«Майор Филипп Оуэн, Лондон».
Когда они вновь взглянули друг на друга, губы Мужена изогнулись в чуть заметной улыбке, в которой не было даже капли благожелательности.
— Неужели? — словно спрашивал он с иронией.
А майору потребовалось бросить всего лишь один взгляд на бумагу, чтобы узнать очень многое о человеке из Панамы.
На борту находился высокопоставленный чиновник, прибытия которого с волнением ожидали на всех архипелагах, принадлежащих Франции, ибо он ехал проверять финансовые отчеты и от его рапорта зависели сотни судеб.
В первом классе плыли управляющий из колоний и крупный торговец из Нумеа, две дамы — молодая и старая, которые, казалось, путешествовали, чтобы развлечься; во втором — учитель, две учительницы, священник, три жандарма и один датчанин, ехавший попытать счастья на островах.
Кроме того, были члены команды. Радист из рубки, расположенной на верхней палубе, отыскивал в море дружественные суда и коллег-радистов, с которыми обменивался сообщениями. В первой половине плавания он даже ухитрился таким манером играть в шахматы со своим приятелем с корабля, идущего тем же курсом, только на 50 миль южнее.
И наконец были еще два пассажира — англичанин и француз.

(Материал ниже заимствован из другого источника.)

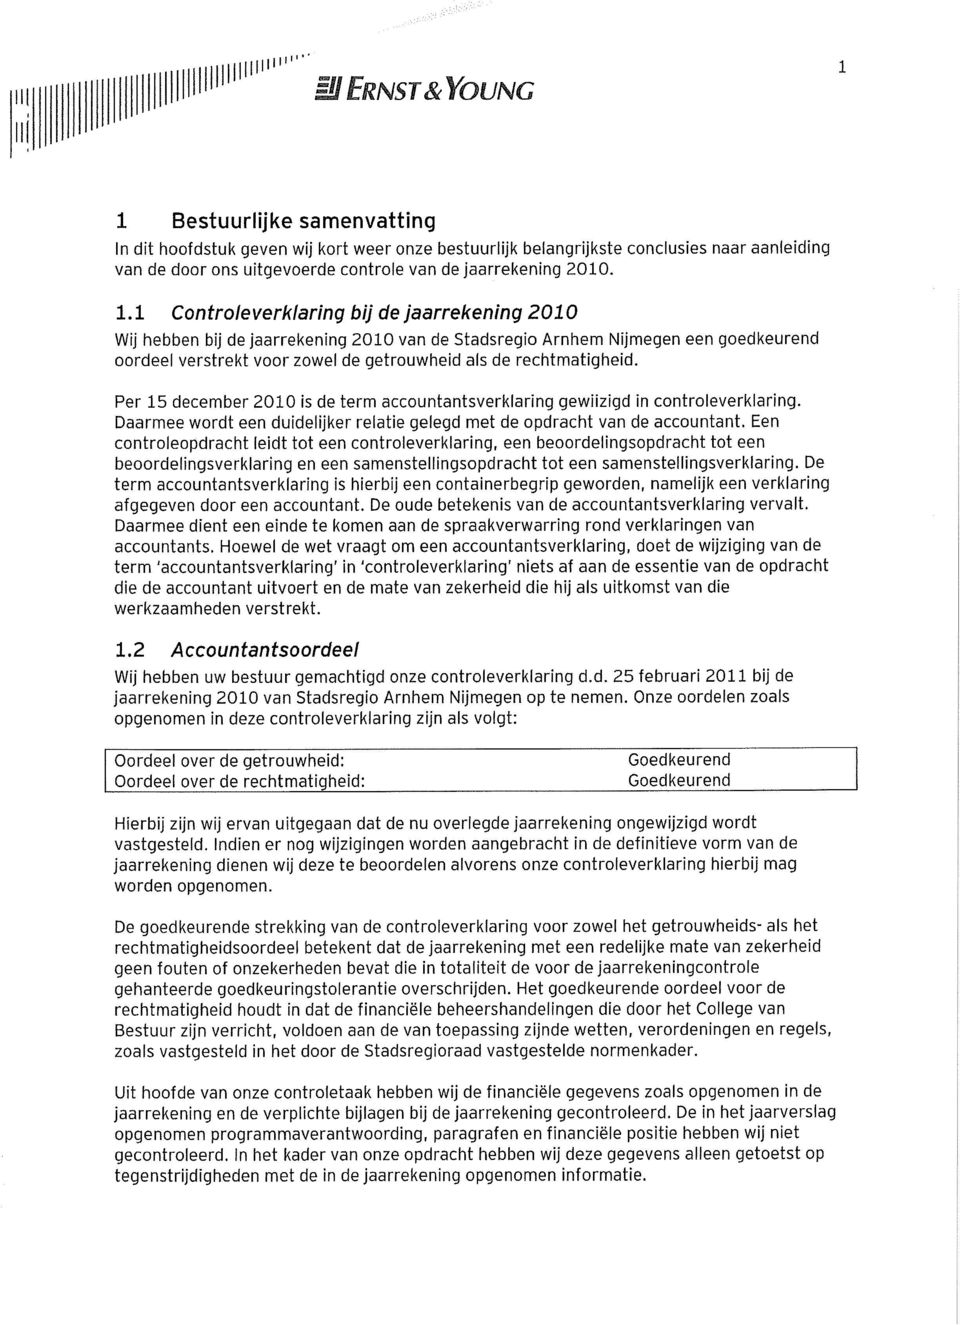 1 Controleverklaring bij de jaarrekening 2010 Wij hebben bij de jaarrekening 2010 van de Stadsregio Arnhem Nijmegen een goedkeurend oordeel verstrekt voor zowel de getrouwheid als de rechtmatigheid.

Было ясно, что назавтра, согласно традиции, на кормовой палубе соорудят импровизированный бассейн из брезента и реек, три на три метра, куда накачают воду прямо из моря, и все пассажиры будут приходить сюда поплескаться.
Затем через пять дней издалека, по левому борту, появятся Галапагосские острова. Будут летающие рыбы, переход через экватор.
А на карте, вывешенной рядом с кают-компанией первого класса, ежедневно в полдень будут появляться цифры: 235… 241… 260 миль.
И, наконец, невидимый, но всегда свирепствующий неподалеку тайфун:
— Мы идем буквально за ним по пятам…
Вот уже двадцать пять лет «Арамис» неизменно шел по пятам тайфуна.
Белый фонарь на верхушке мачты — словно ярчайшая звезда; два других, зеленый, и красный, — потусклее; гаснущие один за другим иллюминаторы, похожие на рыжеватые луны; миллионы звезд на высоком небе, оставшийся позади берег, где перекрещивались лучи маяков, от которых вскоре должны были остаться лишь слабые отблески…
Внизу обнаженные негры, севшие на Мартинике, сновали перед красными зевами топок и могли увидеть черноту неба лишь через зарешеченный люк.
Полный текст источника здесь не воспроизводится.